Hello, after reading this remarkable piece of writing i
am too delighted to share my experience here with friends.
Fantastic! Well done for your information on the write-up Being the doctor the patient needs akutdoktorn, they could be genuinely effective! I appreciated checking your article..
”I found this attitude common in most departments, the focus was on a particular organ, not on the patient.”, ”It hits me with painful clarity, my goal hasn’t been to save lives and limbs. It has been to establish the new specialty of emergency medicine.”, ”We are ignoring the obvious risks and problems, looking for atypical presentations but still missing classical ones.” Yes. If these attitudes and behaviors would change, the system would not be as broken. If the bright minds of specialists were turned to solving systemic problems we would come a long way towards better, and more cost-efficient, care. Your insight is welcome, but far too rare among practitioners it seems to me.

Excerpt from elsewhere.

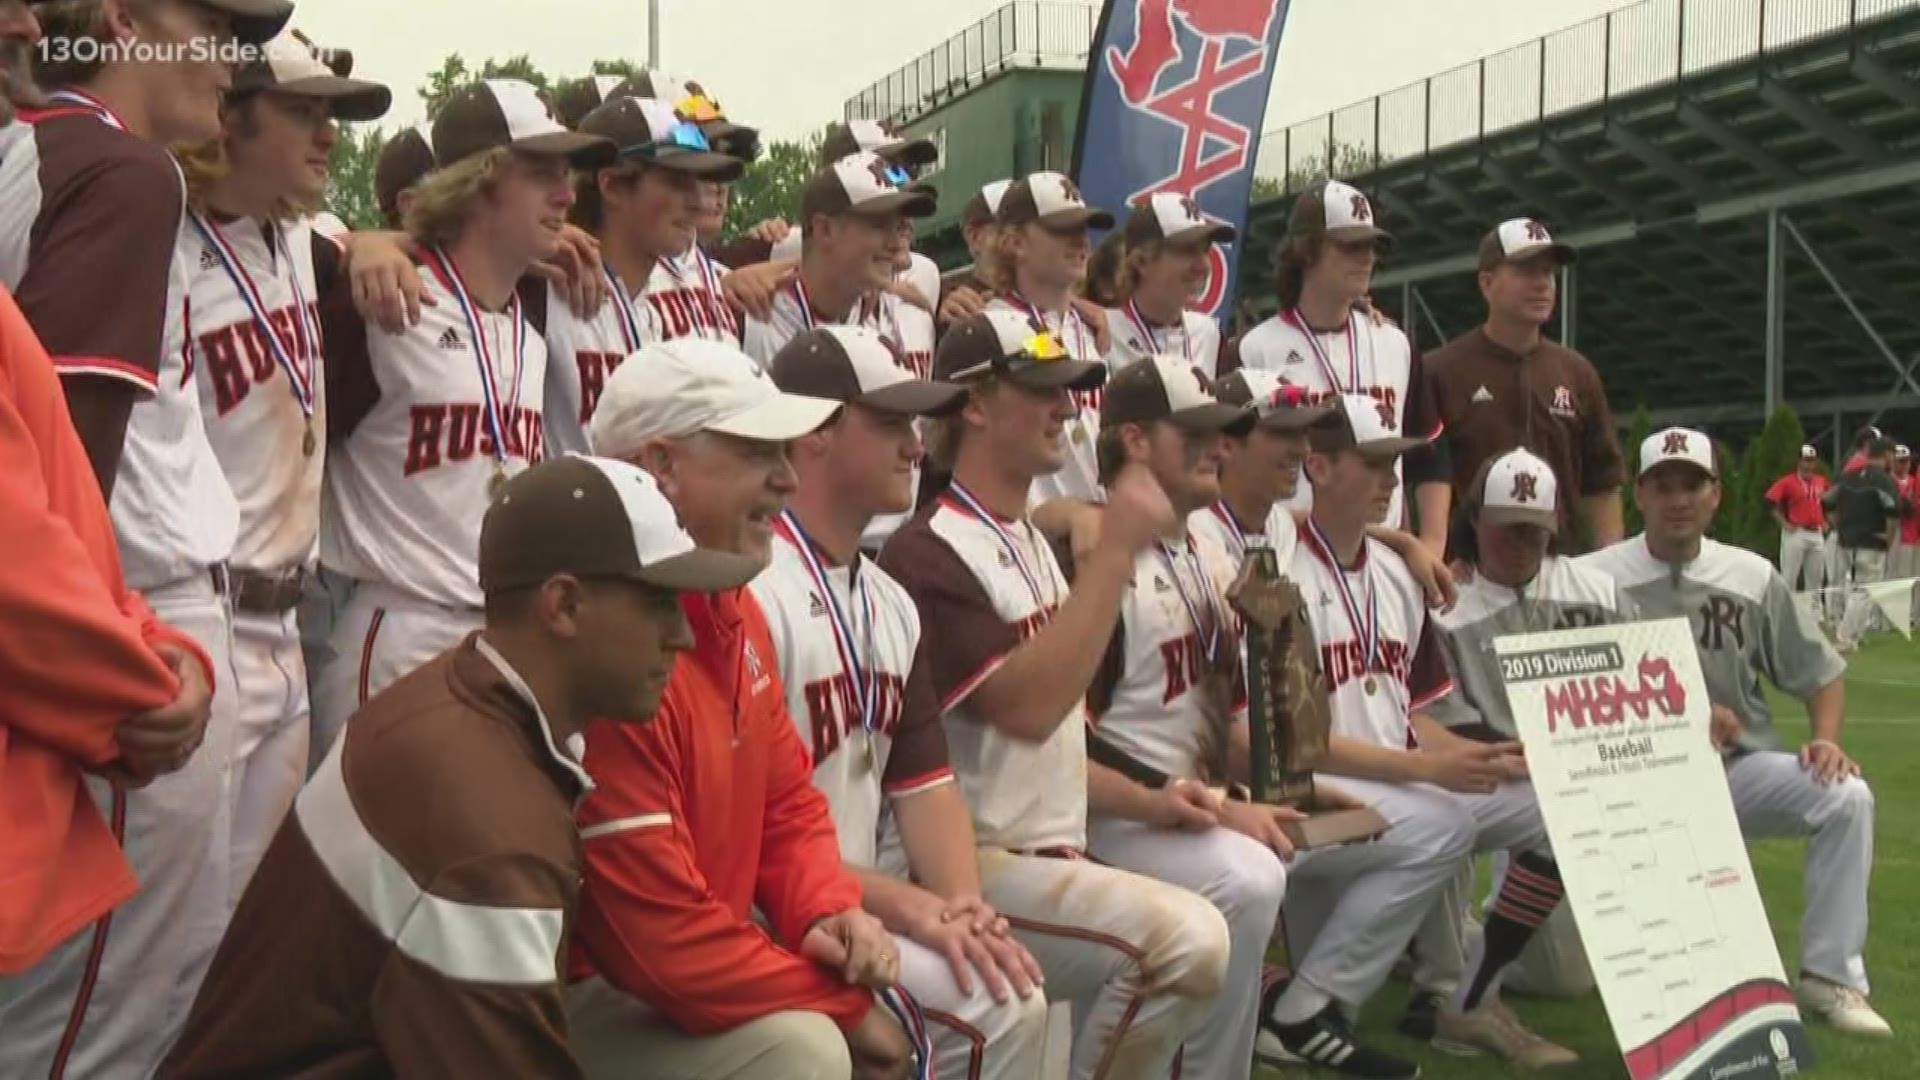 High school baseball: Portage Northern tops Rockford in state finals

Very well written blog posts, all over.
I think this post is full of thought-provoking insights – Petter has identified some of them. I think it’s courageous to admit: ”It hits me with painful clarity, my goal hasn’t been to save lives and limbs. It has been to establish the new specialty of emergency medicine.” At the same time, I wonder whether this observation might be a bit harsh. For me, one of the themes that runs through many of your posts is the tension between striving to be a good doctor and negotiating the health system. Maybe there was a point when you saw establishing EM as necessary to the health of your patients. The two need not have different purposes, but one could be a means to the other. I take your point, though, that we can become so focused on the means that we lose sight of its purpose. If you now begin to see a different way of achieving the same purpose – in a still more systemic way – this might be something to celebrate. I think you’re going to need all the things you’ve learned (in your alternative CV) to move forward on this. Good luck!